ASSIGNMENT
Go through the data below and copy it exactly, skipping every picture.

Start of SOURCE MATERIAL

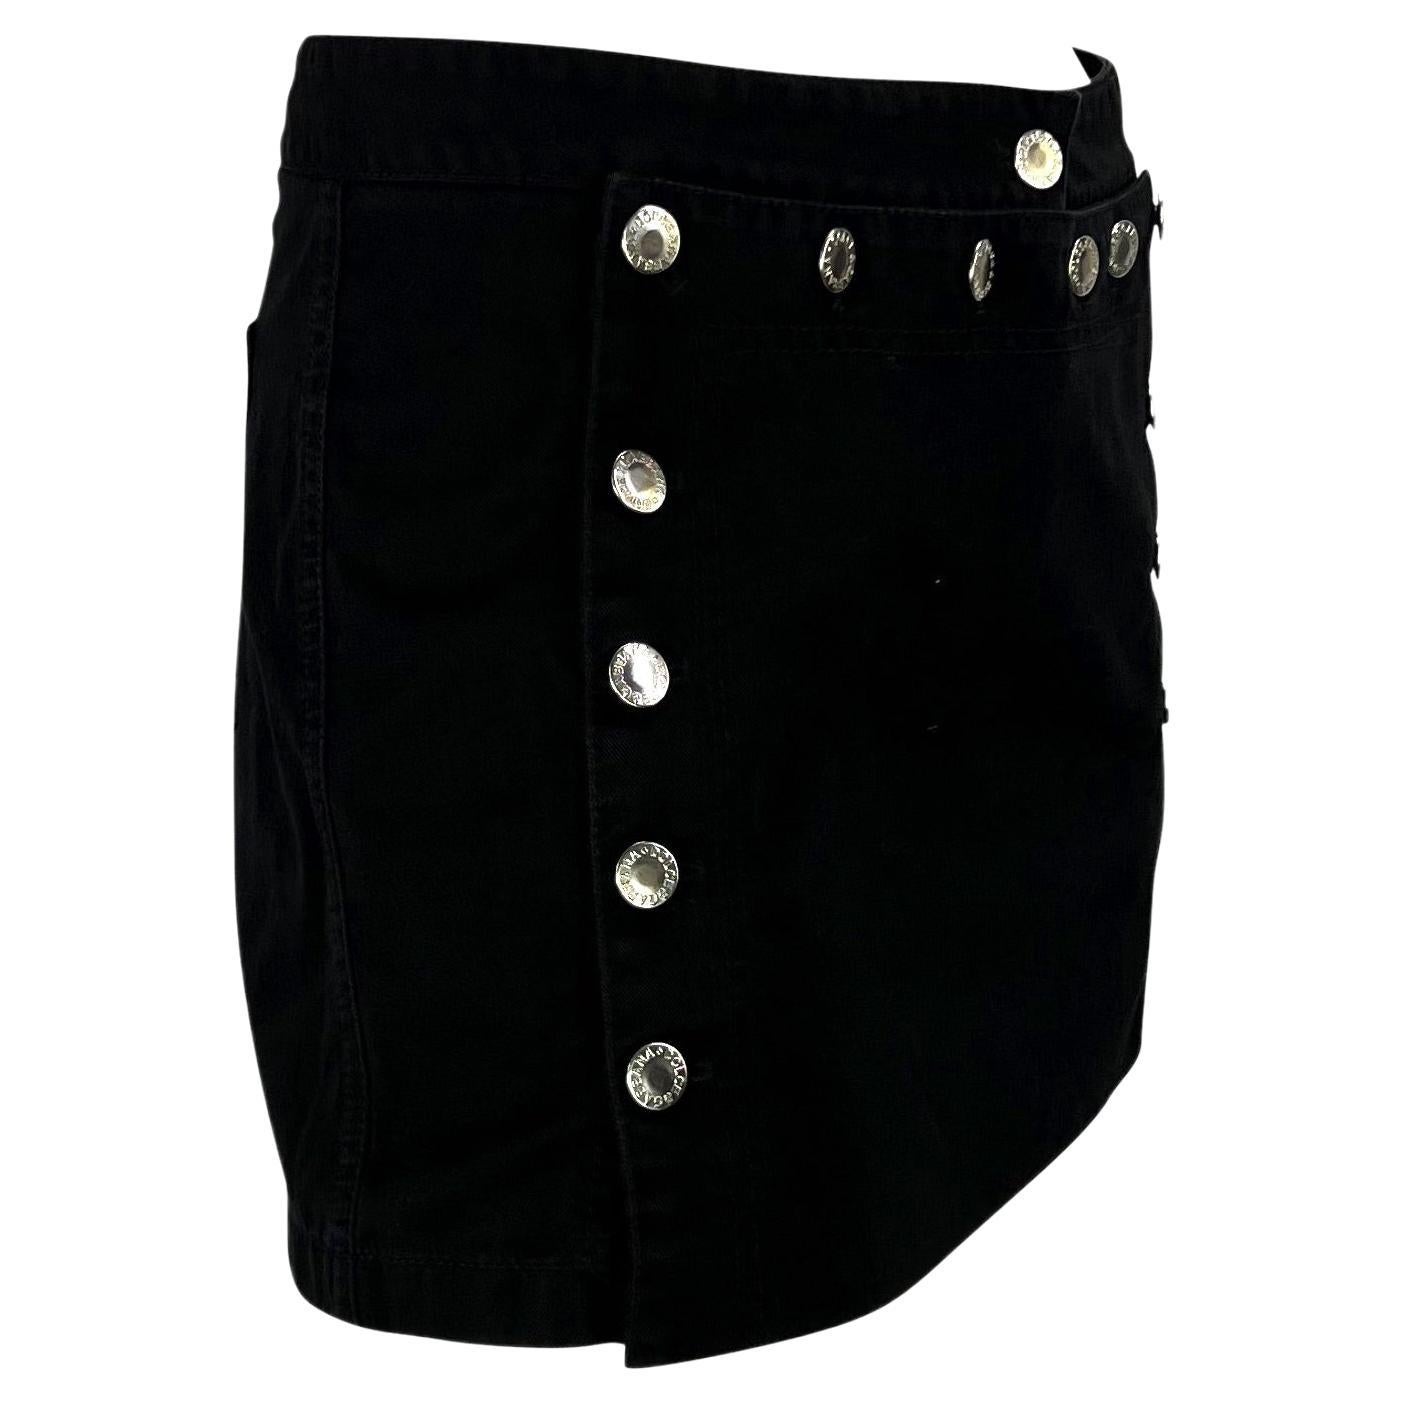 S/S 2003 Dolce & Gabbana 'Sex & Love' Flap Front Lace Up Mini Skirt For Sale 3
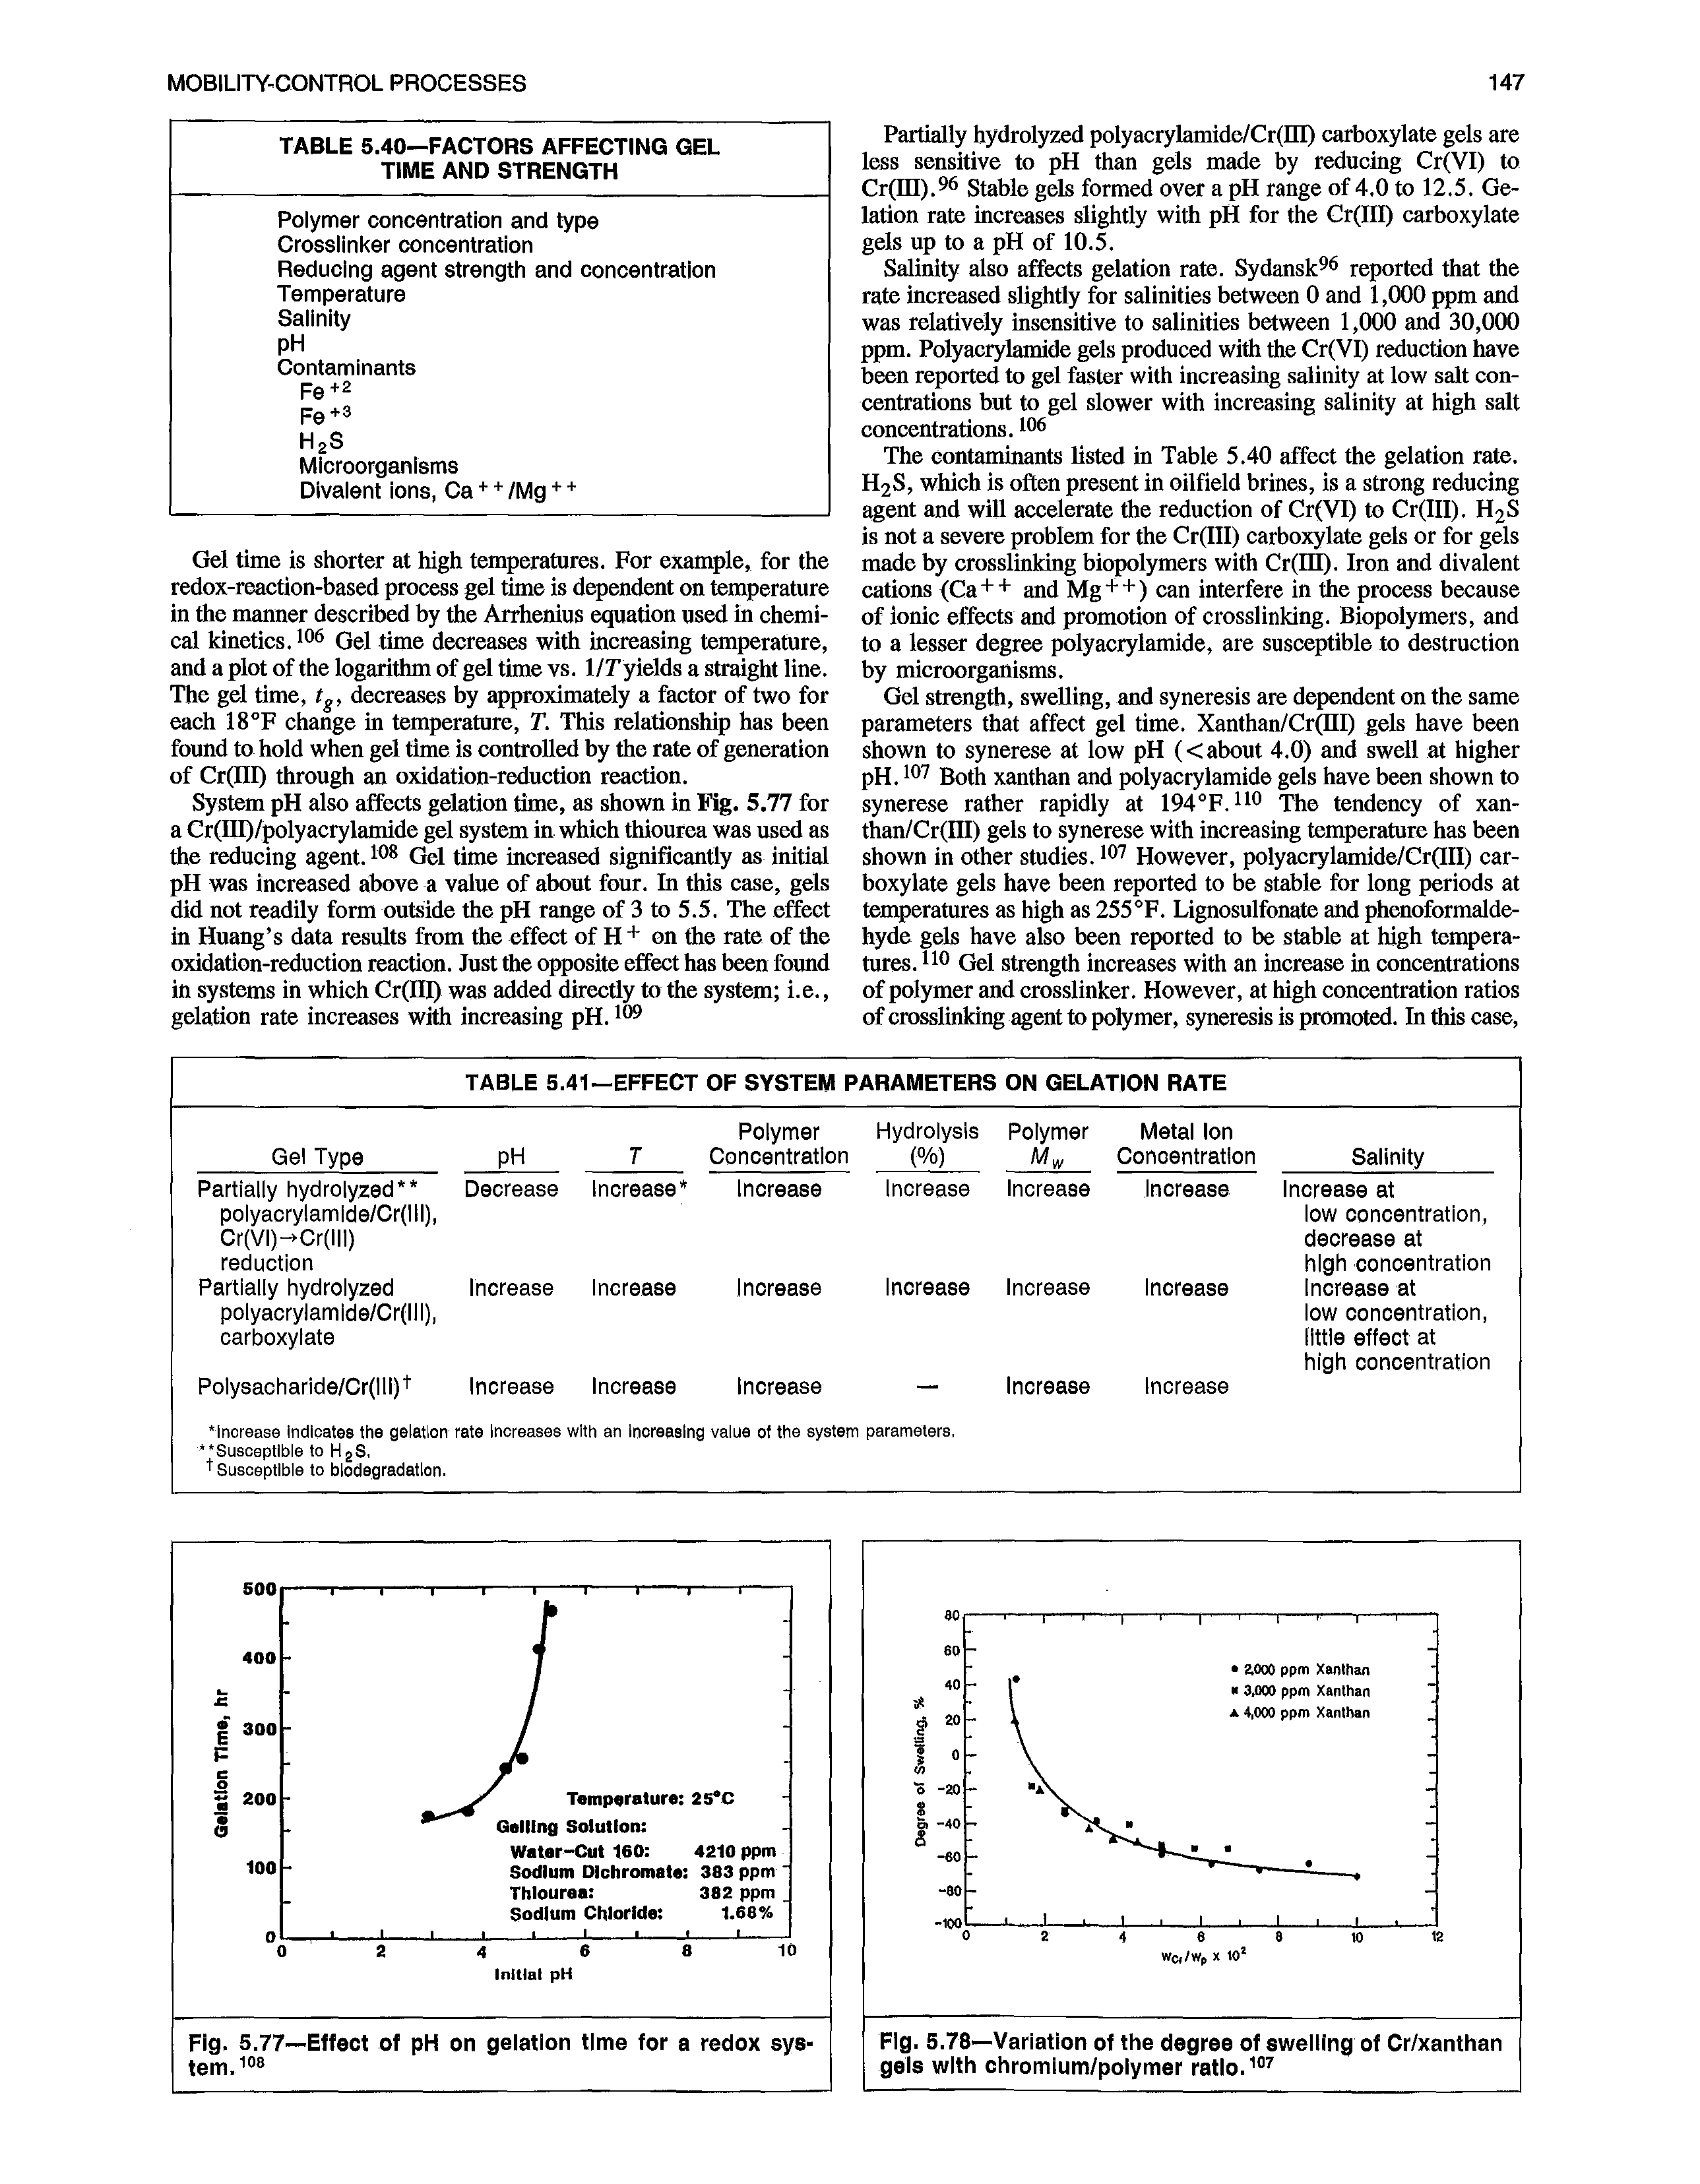 Fig. 5.78—Variation of the degree of ewelling of Cr/xanthan gele with chromium/polymer ratio.
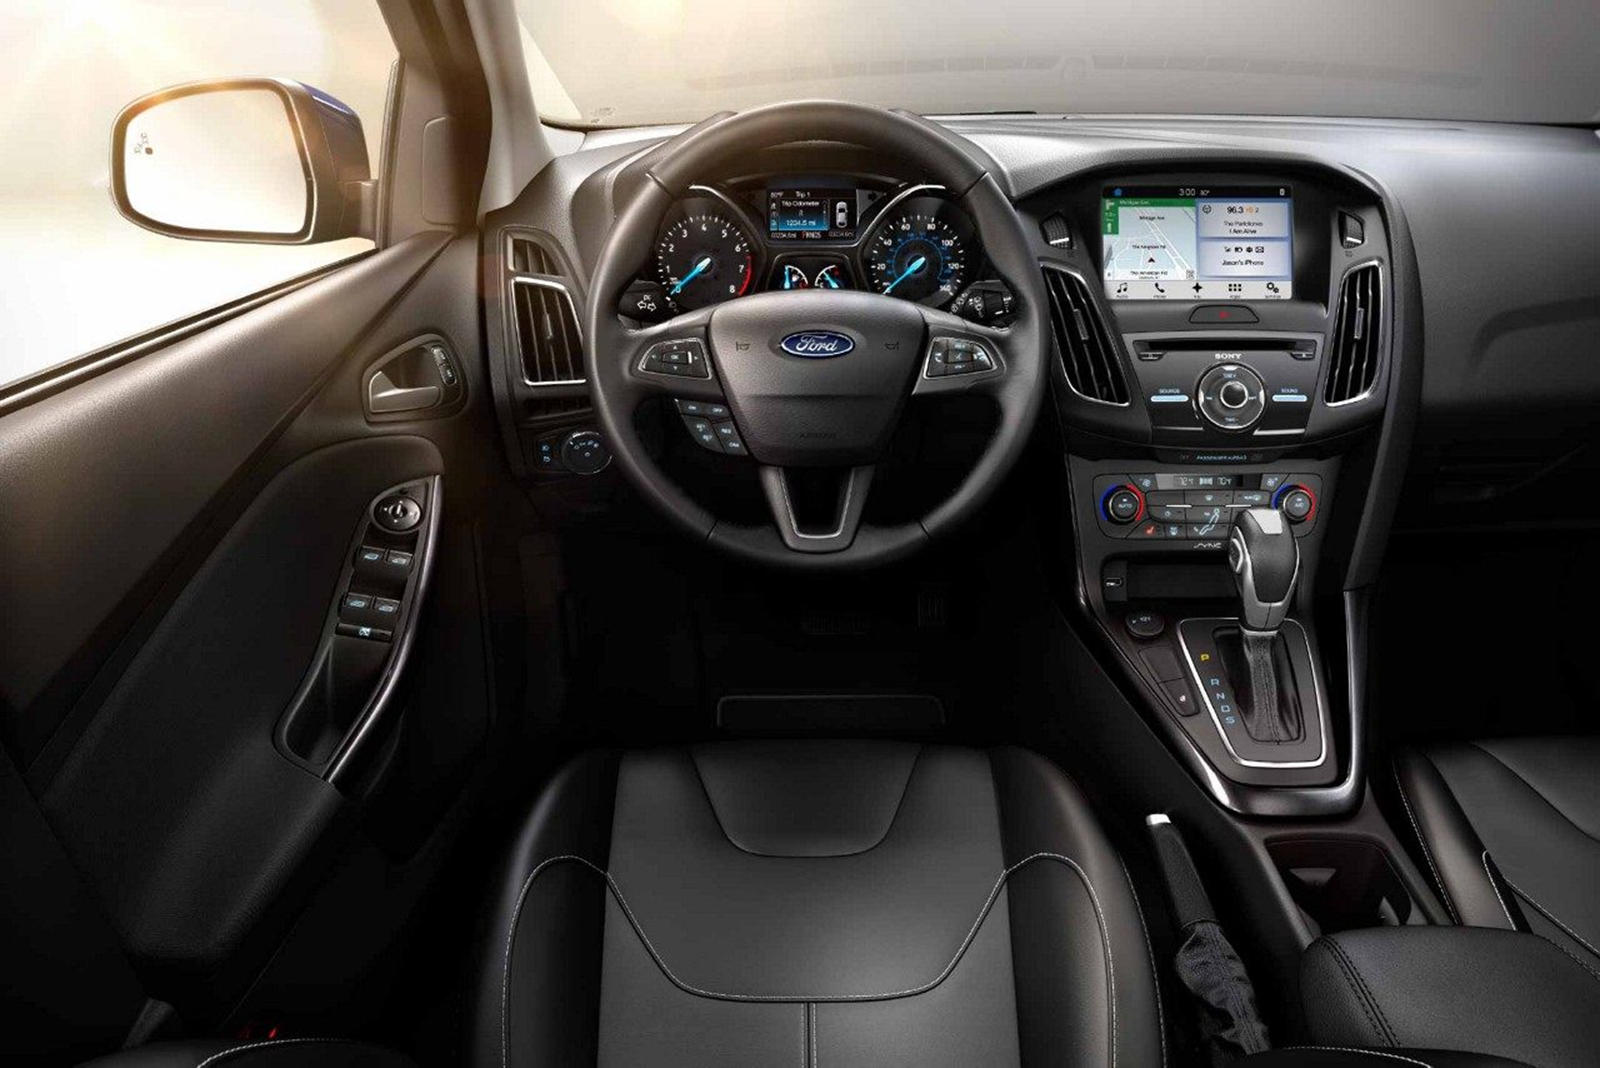 Ford Focus Review, For Sale, Colours, Models, Interior & News

End of SOURCE MATERIAL

SOLUTION TO THE PROBLEM
 S/S 2003 Dolce & Gabbana 'Sex & Love' Flap Front Lace Up Mini Skirt For Sale 3
 Fig. 5.78—Variation of the degree of ewelling of Cr/xanthan gele with chromium/polymer ratio.
 Ford Focus Review, For Sale, Colours, Models, Interior & News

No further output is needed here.